Directions — Copy the material below verbatim from the line with "Buy Ray-Ban Aviator" to the line with "Teenager-Mädchen mit Dreadlocks, Seitenansicht, Copyspace", both lines included, omitting pictures and every line outside that range.

Task input —
= Beginning of Section =

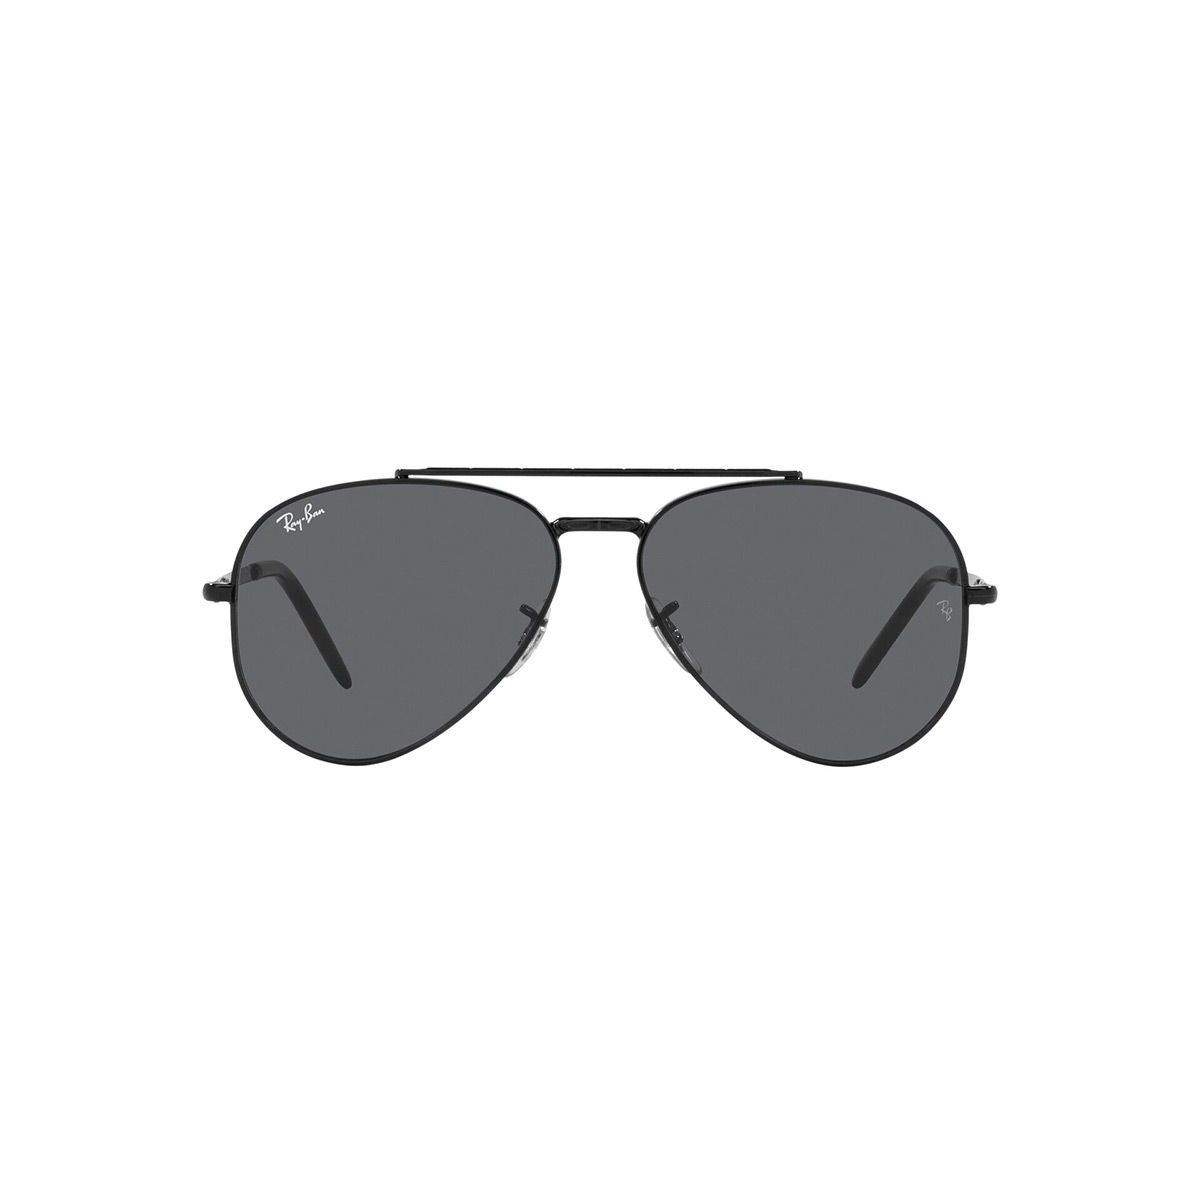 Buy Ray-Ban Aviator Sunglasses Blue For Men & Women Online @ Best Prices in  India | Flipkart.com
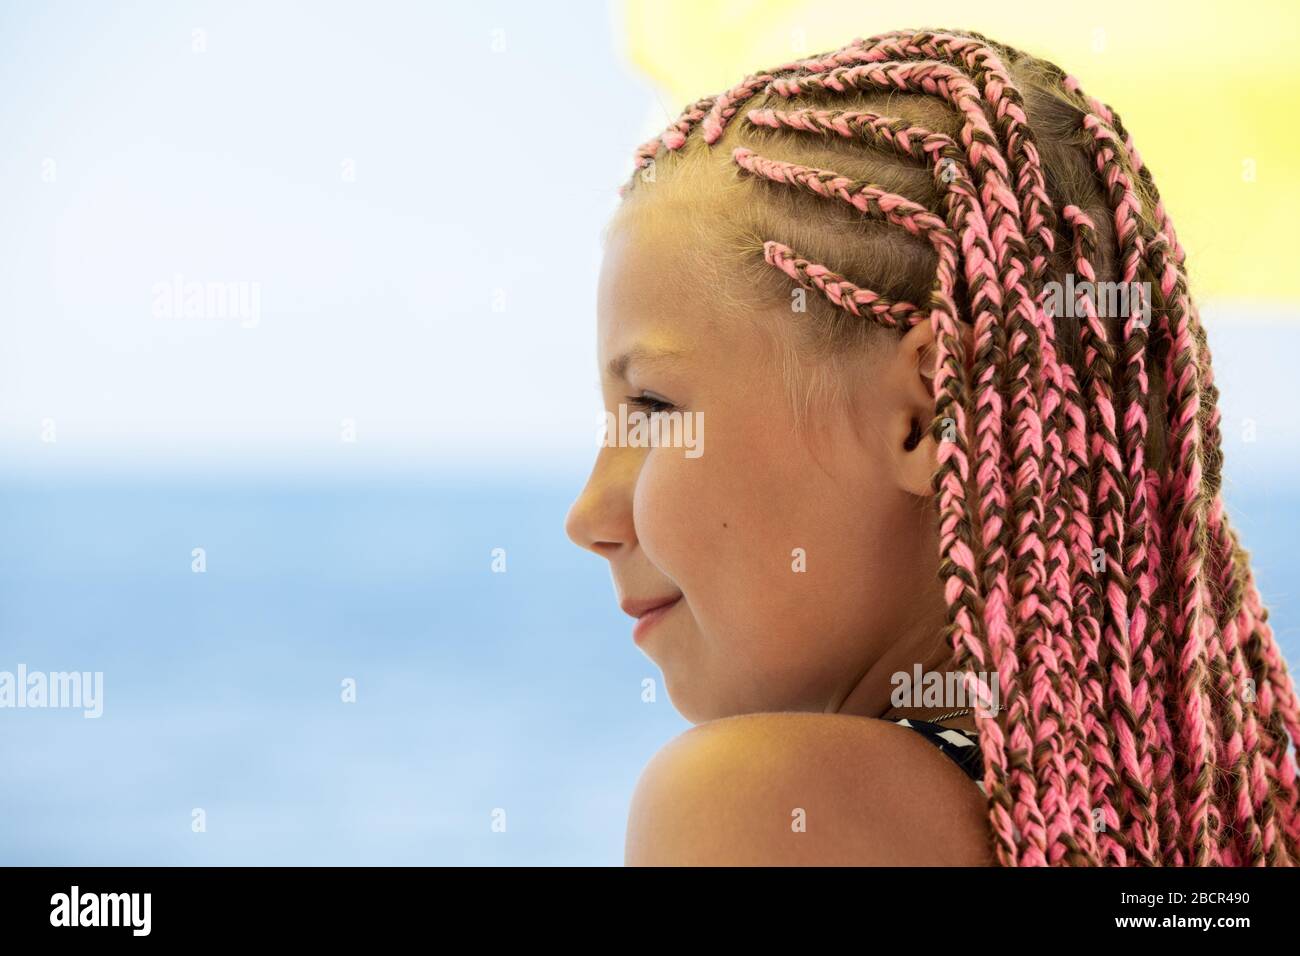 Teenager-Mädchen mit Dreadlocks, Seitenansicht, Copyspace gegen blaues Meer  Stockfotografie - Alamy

= End of Section =
= Beginning of Section =

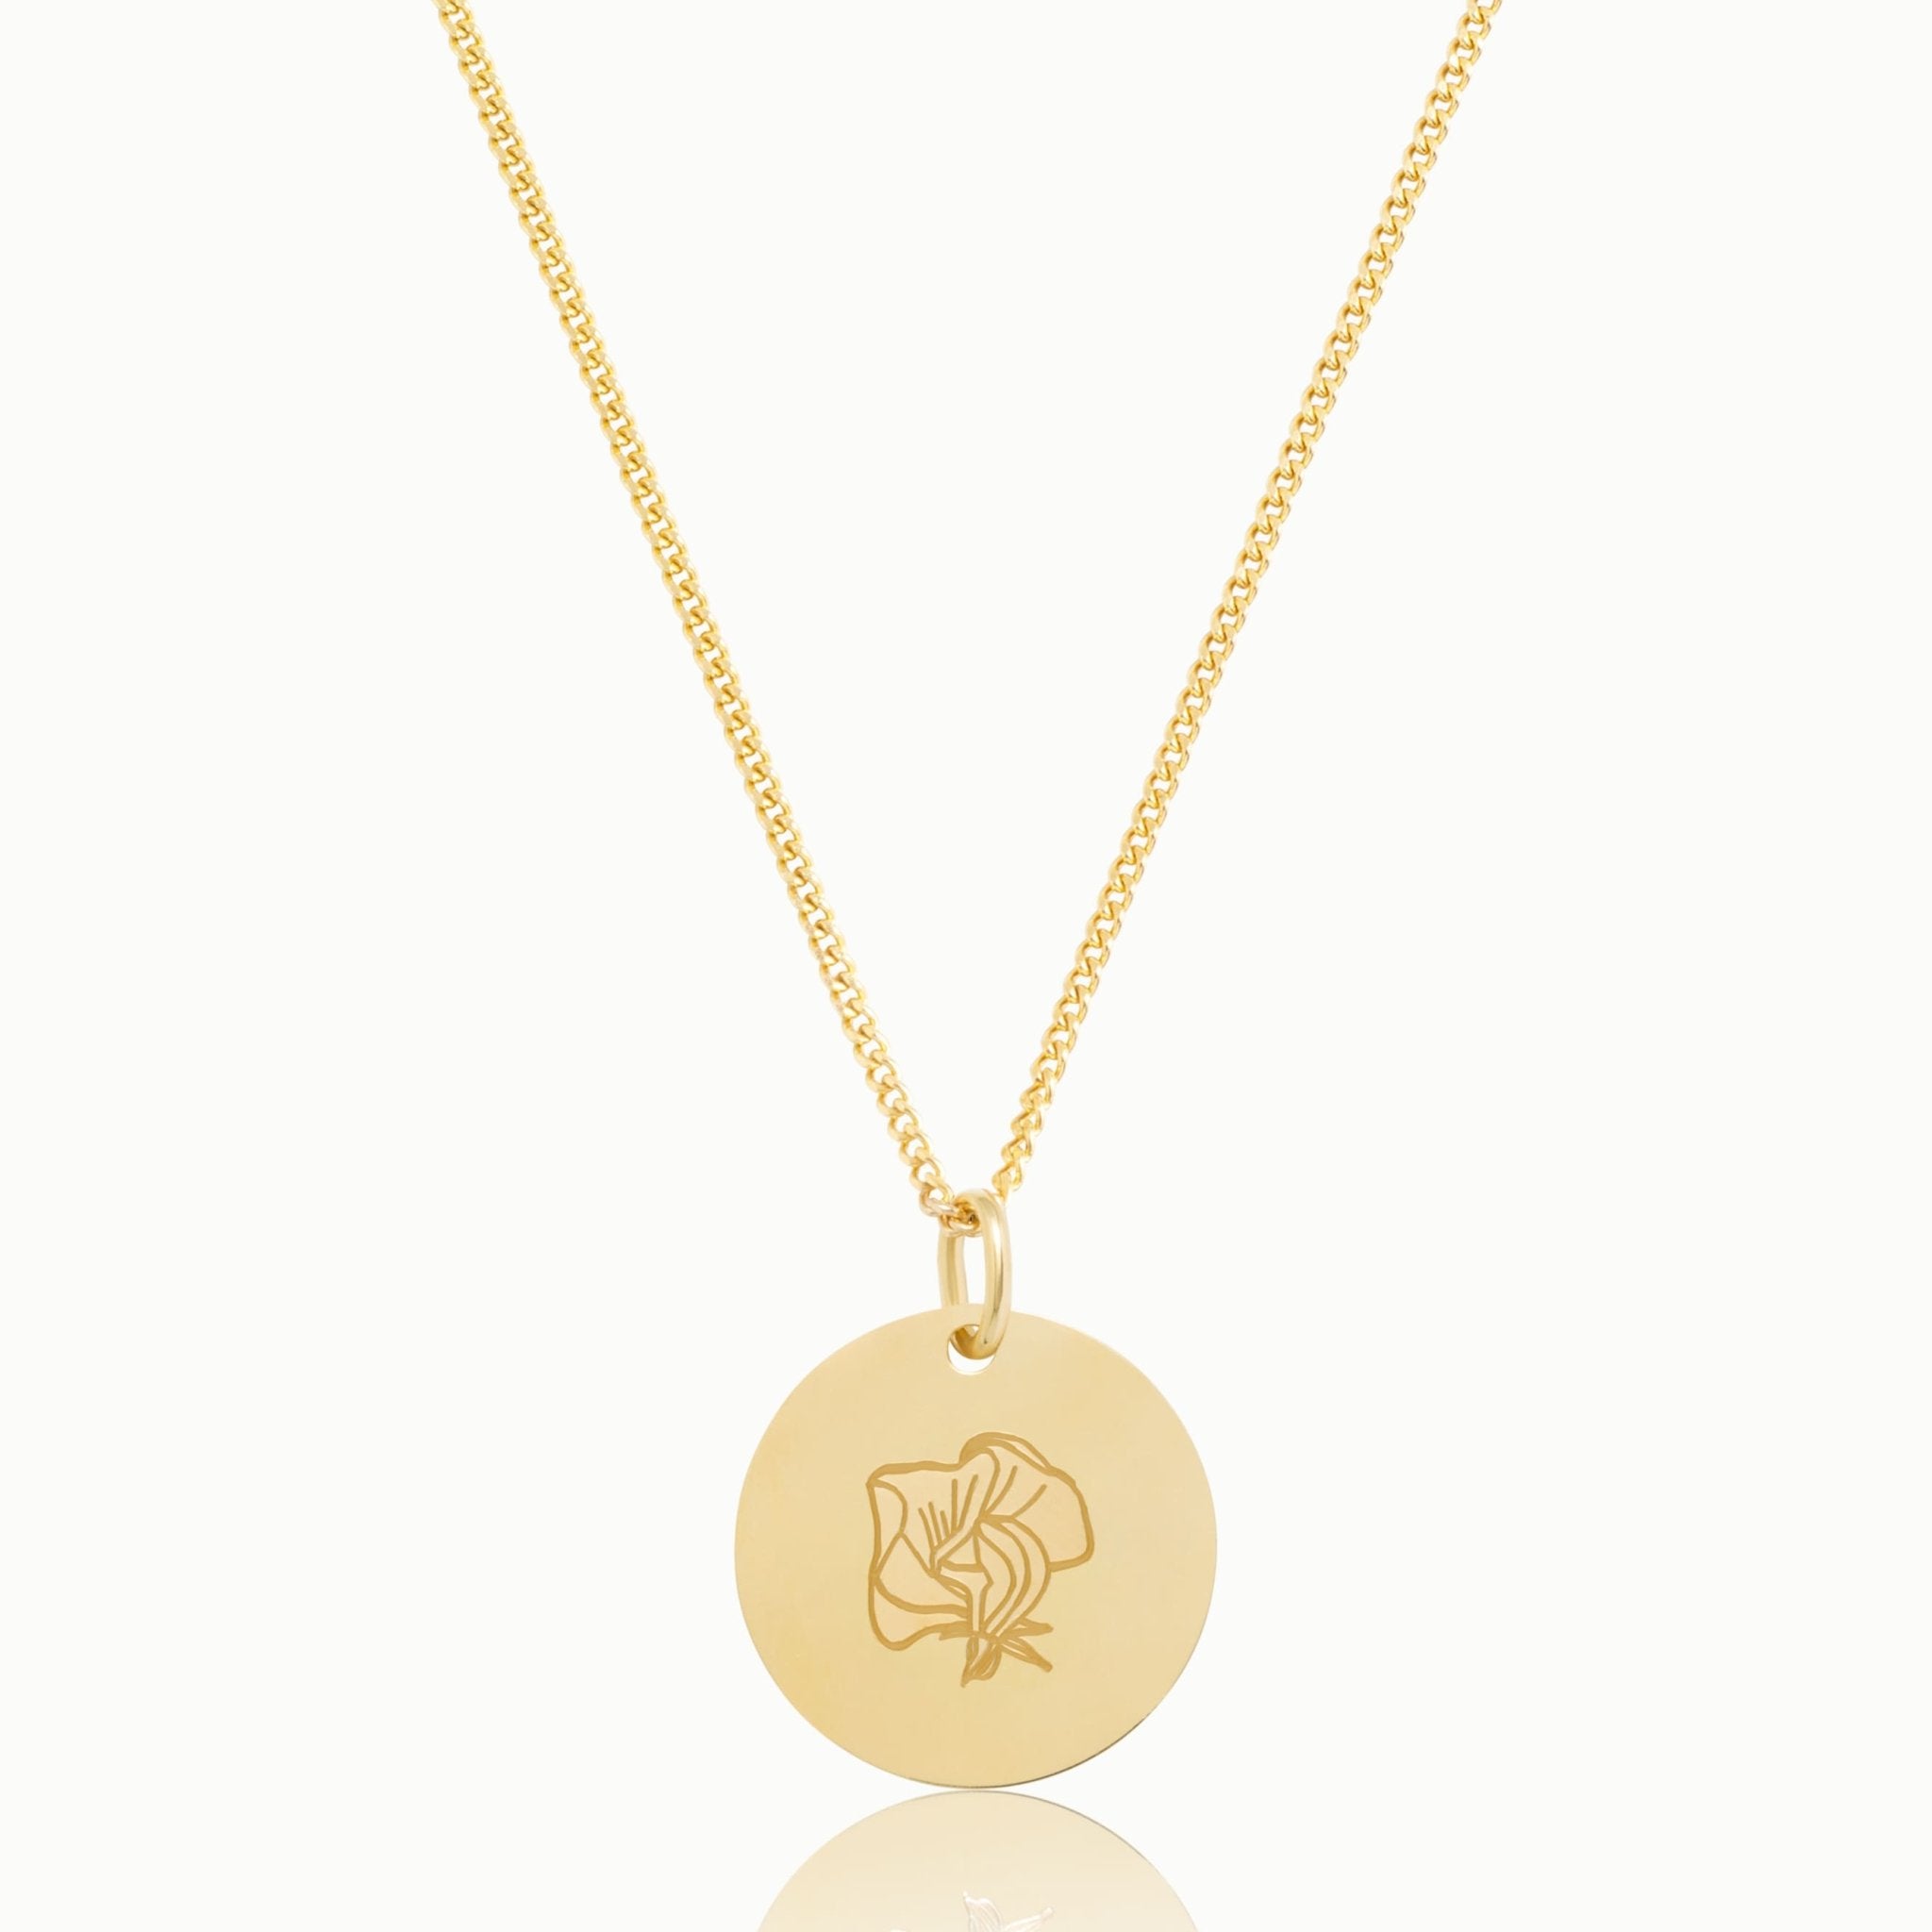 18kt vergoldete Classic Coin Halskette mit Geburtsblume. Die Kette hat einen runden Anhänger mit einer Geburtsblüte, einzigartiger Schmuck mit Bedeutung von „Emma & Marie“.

= End of Section =

Reply —
 Buy Ray-Ban Aviator Sunglasses Blue For Men & Women Online @ Best Prices in  India | Flipkart.com
 Teenager-Mädchen mit Dreadlocks, Seitenansicht, Copyspace gegen blaues Meer  Stockfotografie - Alamy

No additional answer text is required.